Directions:
The response must consist of the lines below from the one with "těžký vysokozdvižný vozík KOMATSU FD60" through the one with "Alternate Image 1", exactly as they appear and with both ends kept.

Records supplied:
Content starts

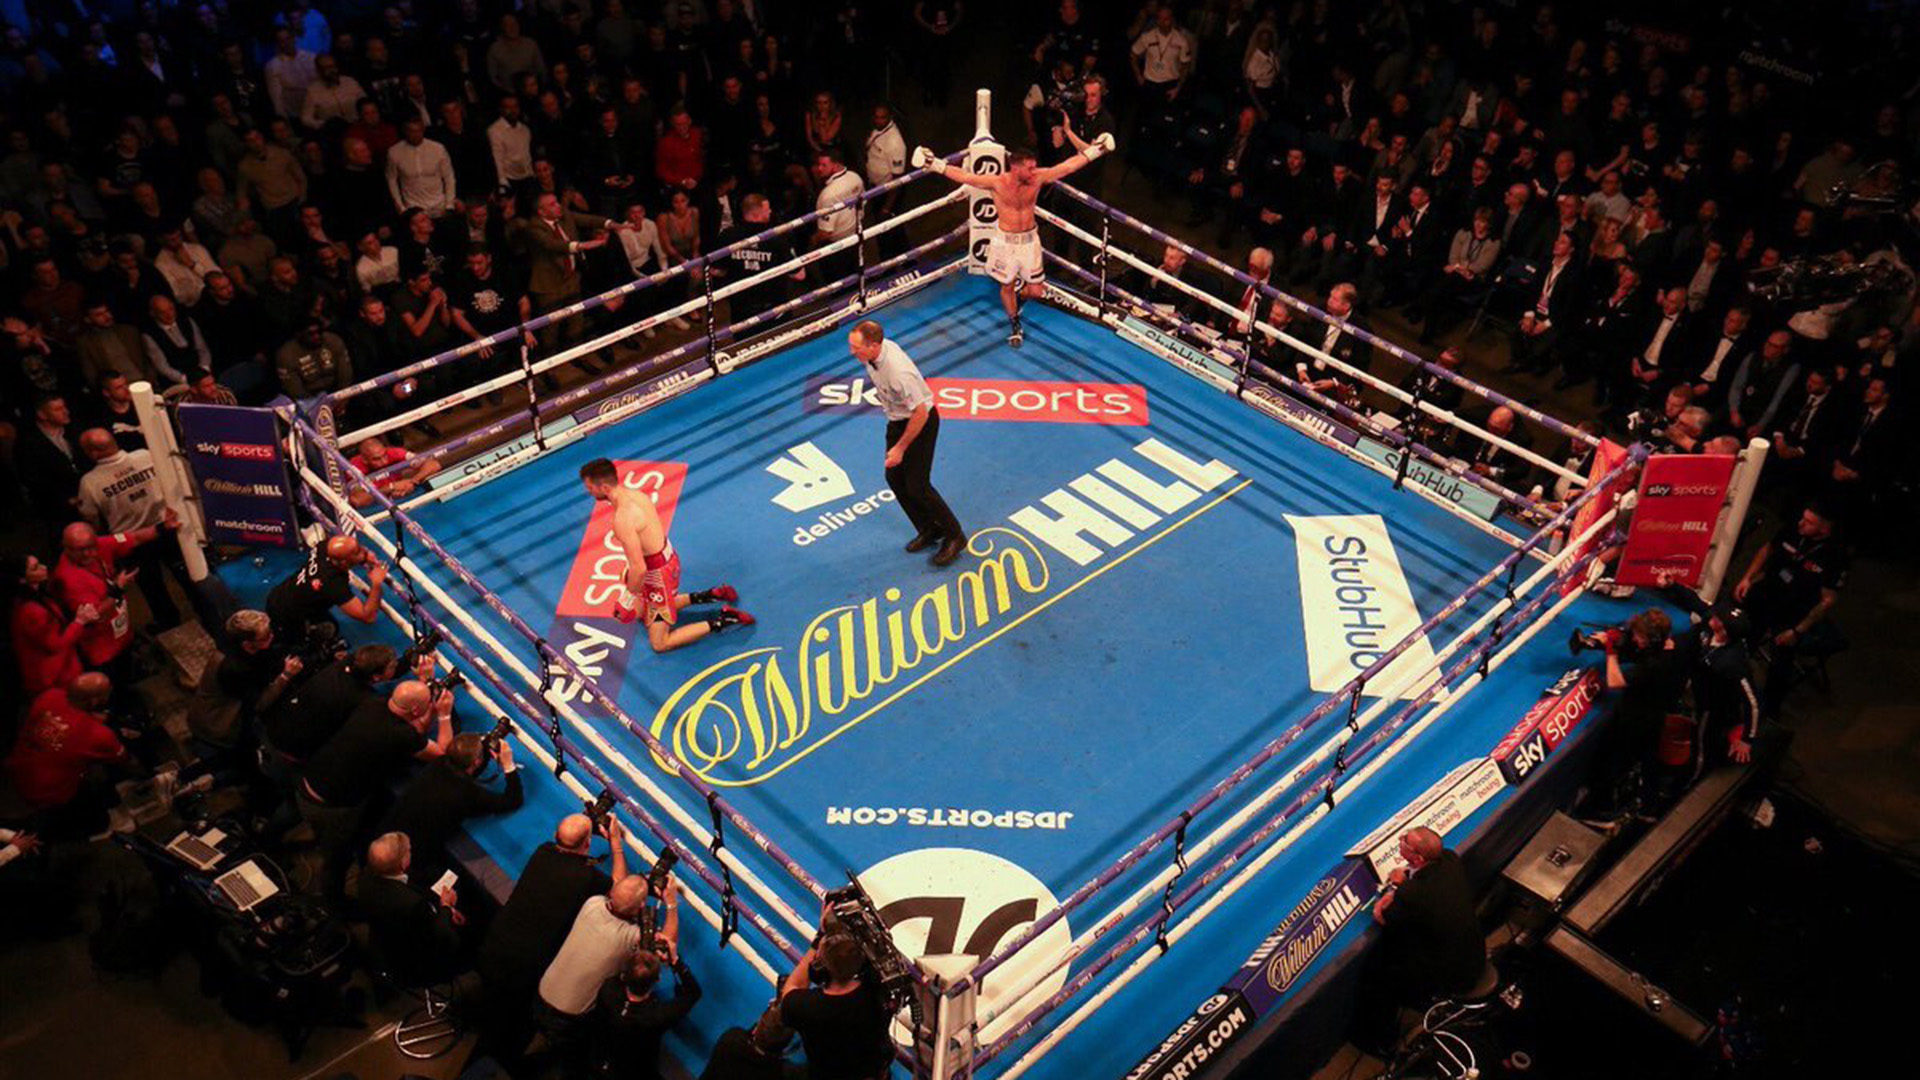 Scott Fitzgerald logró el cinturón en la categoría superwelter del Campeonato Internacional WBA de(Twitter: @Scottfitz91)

Content ends
Content starts

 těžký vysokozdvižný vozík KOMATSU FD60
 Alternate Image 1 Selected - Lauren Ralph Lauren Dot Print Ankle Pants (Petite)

Content ends
Content starts

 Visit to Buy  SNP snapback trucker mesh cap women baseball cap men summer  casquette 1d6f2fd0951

Content ends

Output for this exercise:
 těžký vysokozdvižný vozík KOMATSU FD60
 Alternate Image 1 Selected - Lauren Ralph Lauren Dot Print Ankle Pants (Petite)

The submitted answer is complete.